Band Lunges exercise animation (Mujer)

Band Lunges

Músculo objetivo
Quadriceps
Músculos sinergistas
Adductor Magnus, Gluteus Maximus, Soleus
Equipamiento
Band
Parte del cuerpo
Thighs
Tipo
Strength

Band lunges are a single-leg strength exercise that primarily targets the quadriceps, with strong assistance from the gluteus maximus, adductor magnus, and soleus. By standing on a resistance band and holding the handles at your shoulders, you add tension that increases toward the top of each rep, making them a convenient lower-body builder you can train almost anywhere.

Cómo hacer el Band Lunges

  1. 1Stand on the middle of the band with one foot, feet hip-width apart, and grip a handle in each hand.
  2. 2Bring the handles up to your shoulders so the band runs behind your arms, and stand tall with your chest up and core braced.
  3. 3Take a controlled step forward into a lunge stance, keeping your torso upright.
  4. 4Lower your hips straight down until your front thigh is roughly parallel to the floor and your back knee hovers just above the ground.
  5. 5Keep your front knee tracking over your toes and your weight balanced through your whole front foot.
  6. 6Drive through your front heel against the band's tension to push back up to the standing start position.
  7. 7Complete your reps on one leg, then switch the band to the other foot and repeat.

Consejos de técnica

  • Keep your front shin close to vertical and your knee in line with your foot to keep tension on the quads and protect the joint.
  • Brace your core and keep your torso tall throughout so the band pulls you up, not forward.
  • Lower under control on each rep rather than dropping, and pause briefly before driving back up.
  • Shorten the band wrap or use a thicker band if you want more resistance at lockout.

Errores comunes

  • Letting the front knee cave inward, which strains the knee and shifts load off the quads.
  • Leaning the torso far forward, which turns the lift into a glute-dominant movement and stresses the lower back.
  • Taking too short a step so the front knee travels well past the toes, overloading the kneecap.
  • Using a band with too little tension, which gives the quads almost no resistance to work against.

Preguntas frecuentes

What muscles do band lunges work?

They primarily work the quadriceps, with the gluteus maximus, adductor magnus, and soleus assisting to extend the hip and stabilize the stance.

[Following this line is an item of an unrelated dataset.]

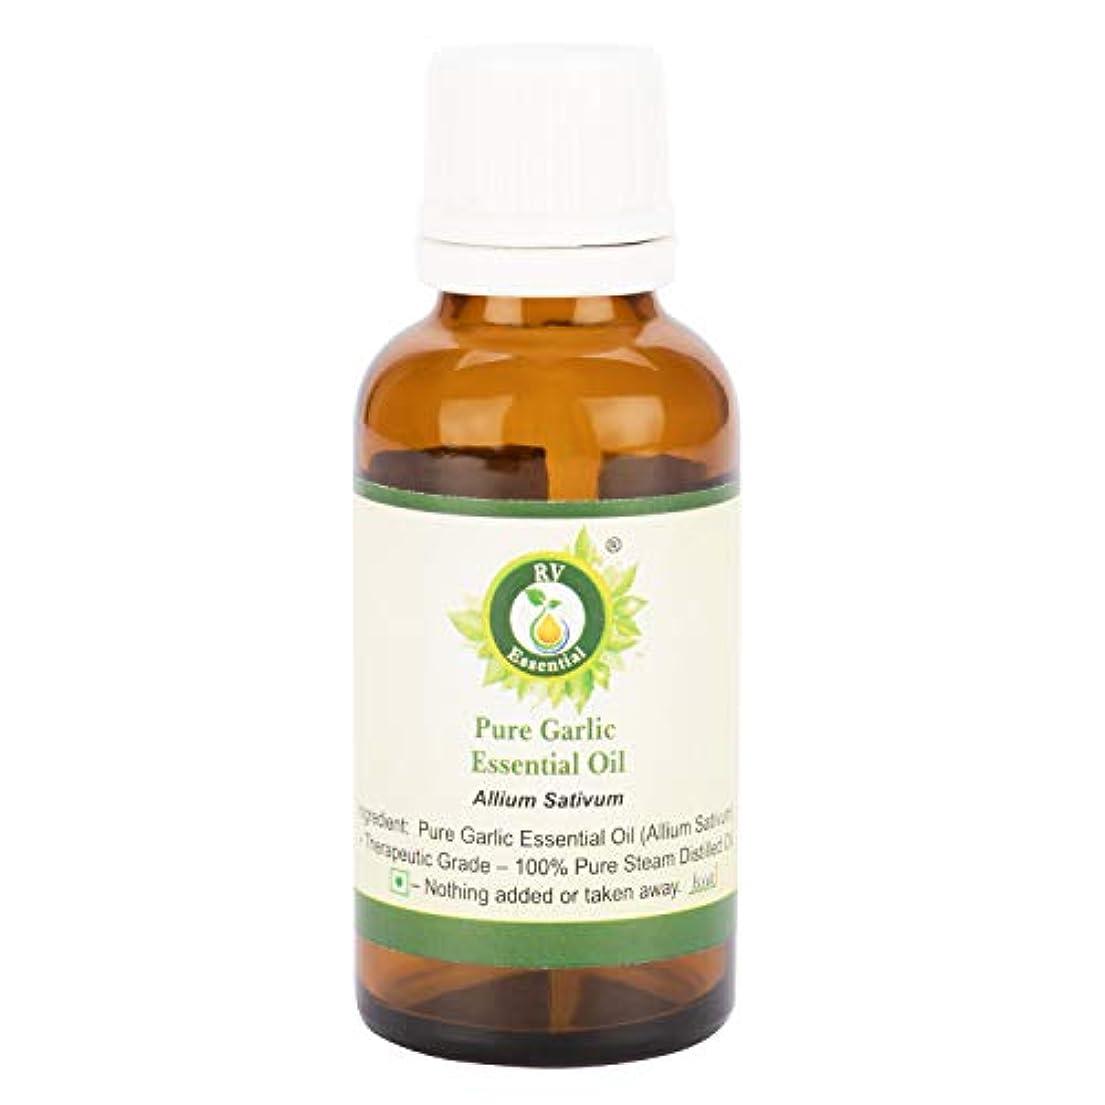 毎日フィラデルフィア算術ピュアニンニクエッセンシャルオイル100ml (3.38oz)- Allium Sativum (100%純粋&天然スチームDistilled) Pure Garlic Essential Oil

Are band lunges good for beginners?

Yes. The band lets you start with light, scalable resistance while you learn the lunge pattern, and it removes the balance demands of heavy free weights.

How many sets and reps should I do?

For general strength and conditioning, 3 sets of 10 to 15 reps per leg is a sensible starting range. Use a band tension that makes the last few reps challenging.

How do I make band lunges harder?

Use a thicker band, shorten how much band you stand on for more tension, or slow the lowering phase. You can also add reps or move toward walking lunges.